The March of the Kings or The March of the Wise Men (in French La Marche des rois or La marche des Rois mages, in Provençal La Marcho di Rèi) is a popular Christmas carol of provençal origin celebrating the Epiphany and the Wise Men. The notoriety of the theme spread outside Provence when Georges Bizet used it in his Arlésienne.

History

Origin and attributions 
The precise origins of both the tune and the lyrics are uncertain and debated.

The lyrics are regularly attributed to Joseph-François Domergue, (born in 1691, died on April 2, 1728, in Avignon), priest-dean of Aramon, in the Gard, from 1724 to 1728, whose name appears on the first manuscript copy of the lyrics, dated 1742 and preserved in the library of Avignon.

The text was published in Paris in 1759 in the Recueil de cantiques spirituels provençaux et françois gravés par le Sieur Hue. Subsequently, the work was added to the various (expanded) editions of the Provençal Christmas collection by the poet and composer of the seventeenth century Nicolas Saboly (1614-1675), to which it has often, and erroneously, been attributed.

According to the 1742 document, the text can be sung on the tune of a Marche de Turenne ("March of Turenne"). This mention corresponds to the established practice of christmasists consisting of placing their texts on "known" French songs spread by the printing press. One hypothesis is that this Marche de Turenne would be a military march dating back to the 17th century, in honor of the victories of Marshal Turenne, Such a "Marche de Turenne" has however not been found. Some authors wanted to attribute it to Lully, although no document corroborates this attribution.
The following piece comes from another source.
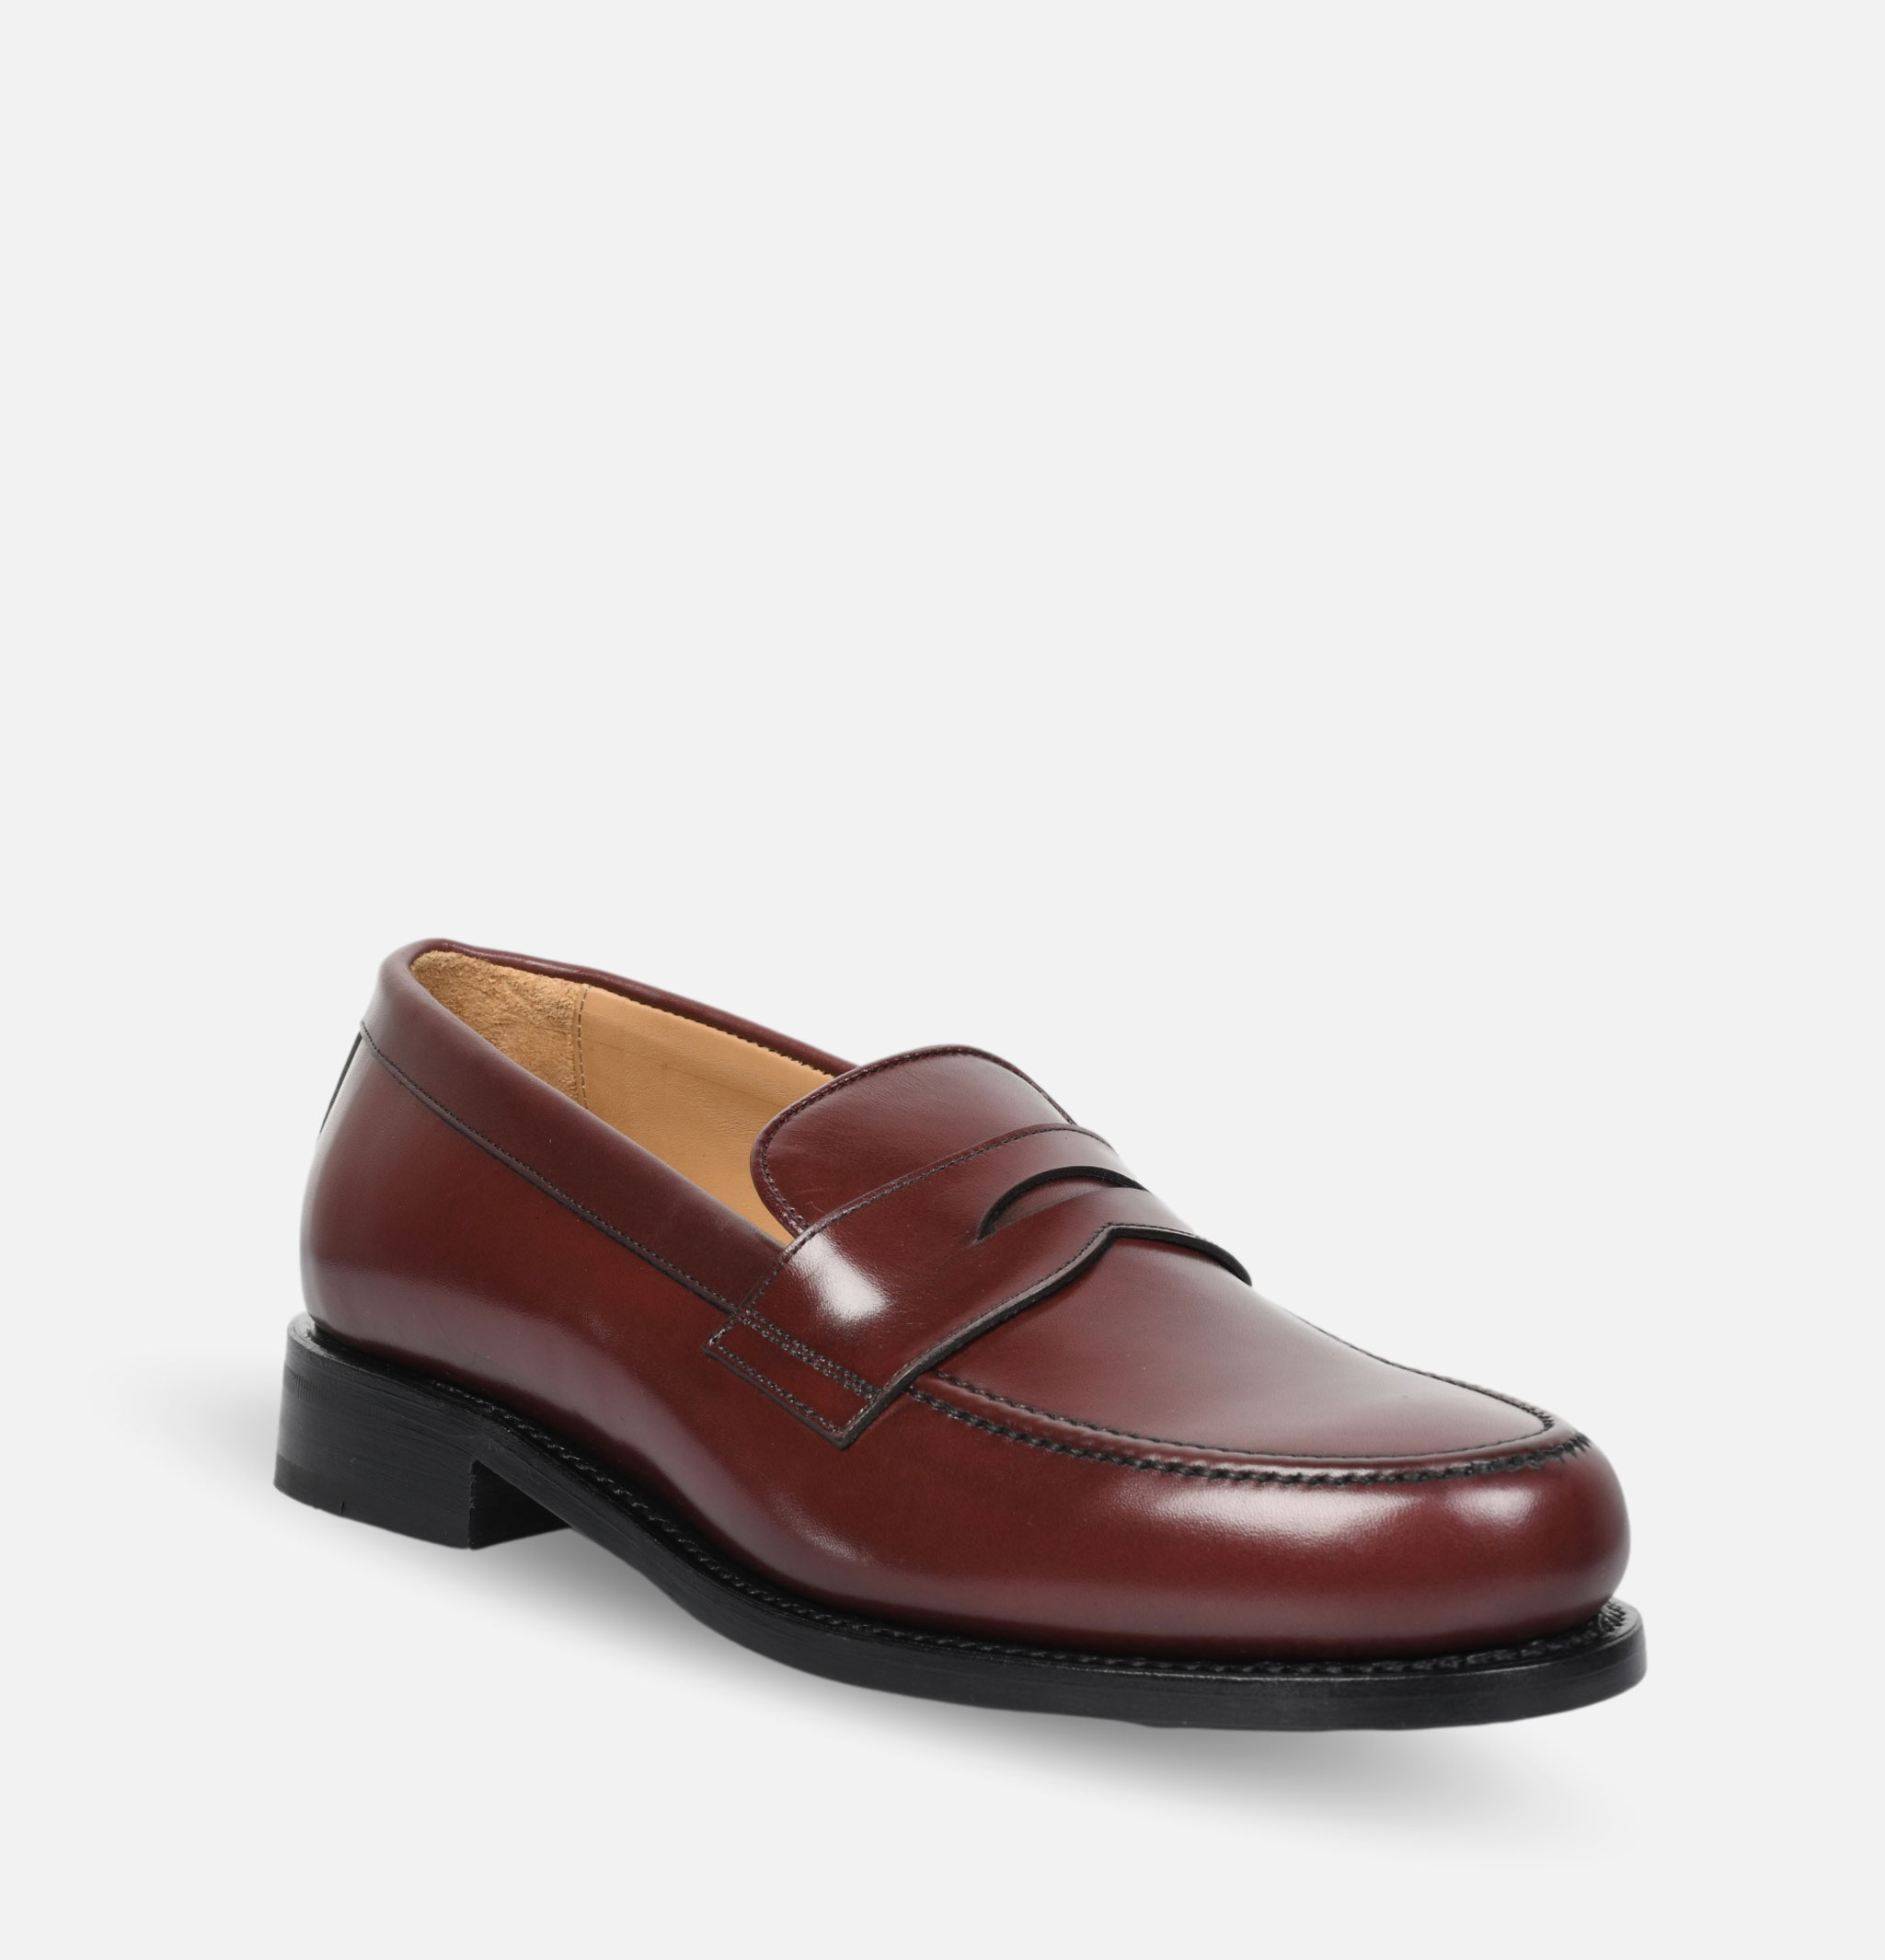 moccassins to&co dexter burgundy
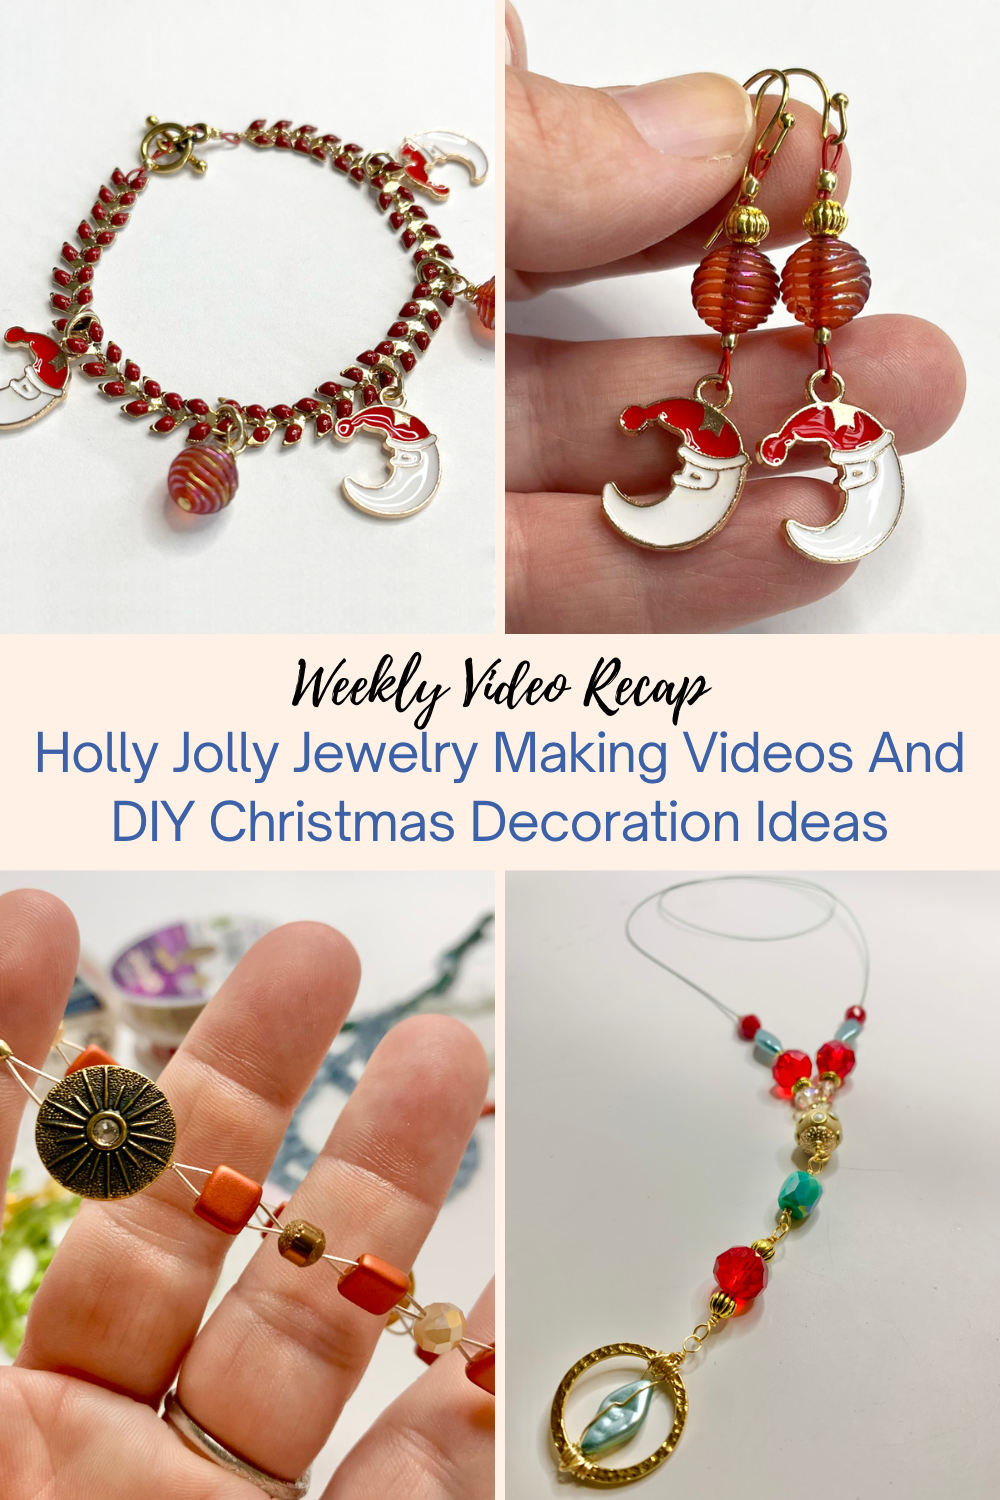 Holly Jolly Jewelry Making Videos And DIY Christmas Decoration Ideas Collage

An Avignon tradition rather dates the Marche de Turenne back to the fifteenth century, at the time of King René (1409-1480), while some authors from the late nineteenth century and the beginning of the twentieth leaned towards a reference to Raymond de Turenne (1352-1413), known as The Scourge of Provence, grand-nephew of Pope Clement VI and nephew of Pope Gregory XI.

In the 21st century, several American scholars think that the March of the Kings has a medieval origin dating back to the 13th century. It could then be one of the oldest Christmas carols listed with Veni redemptor gentium and one of the first entirely composed in vernacular, and not in Latin.

According to research carried out by the scholar Stéphen d'Arve (Edmond de Catelin) at the end of the nineteenth century, the only known score is that of Étienne-Paul Charbonnier (1793-1872), organist at the Aix Cathedral, who, perhaps taking it from the chain of its predecessors, had reconstructed it from memory by modifying its orchestration as new instruments were introduced. Henri Maréchal, an inspector of the Conservatoires de France having done research at the request of Frédéric Mistral, thought, for his part, that "La Marcha dei Rèis" must have been composed by Abbé Domergue himself.

Epiphany Celebration
Every year, the Epiphany feast gives rise in certain towns and villages of Provence to popular parades, the "Marches des Rois", where citizens sumptuously dressed as Biblical Magi progress towards the local church to the sound of the  March and other traditional music, accompanied by inhabitants dressed according to local folklore. Particularly at Aix-en-Provence , from the beginning of the nineteenth century, a sumptuous popular ceremony celebrates the visit of the kings: a traditional procession of characters dressed in Provençal costumes (shepherds, horsemen, drummers, trades, etc.) accompanies the Magi and their camels to Saint-Sauveur Cathedral where the organist, accompanied by drummers, performs the air of the "March of the Kings" at the arrival of the procession, passing from "pianissimo" to "fortissimo" to evoke the approach of the procession. A large star is then lit on the main altar, symbolizing the star that guided the Magi to Bethlehem. The ceremony ends as the tune plays descrescendo when the Kings leave.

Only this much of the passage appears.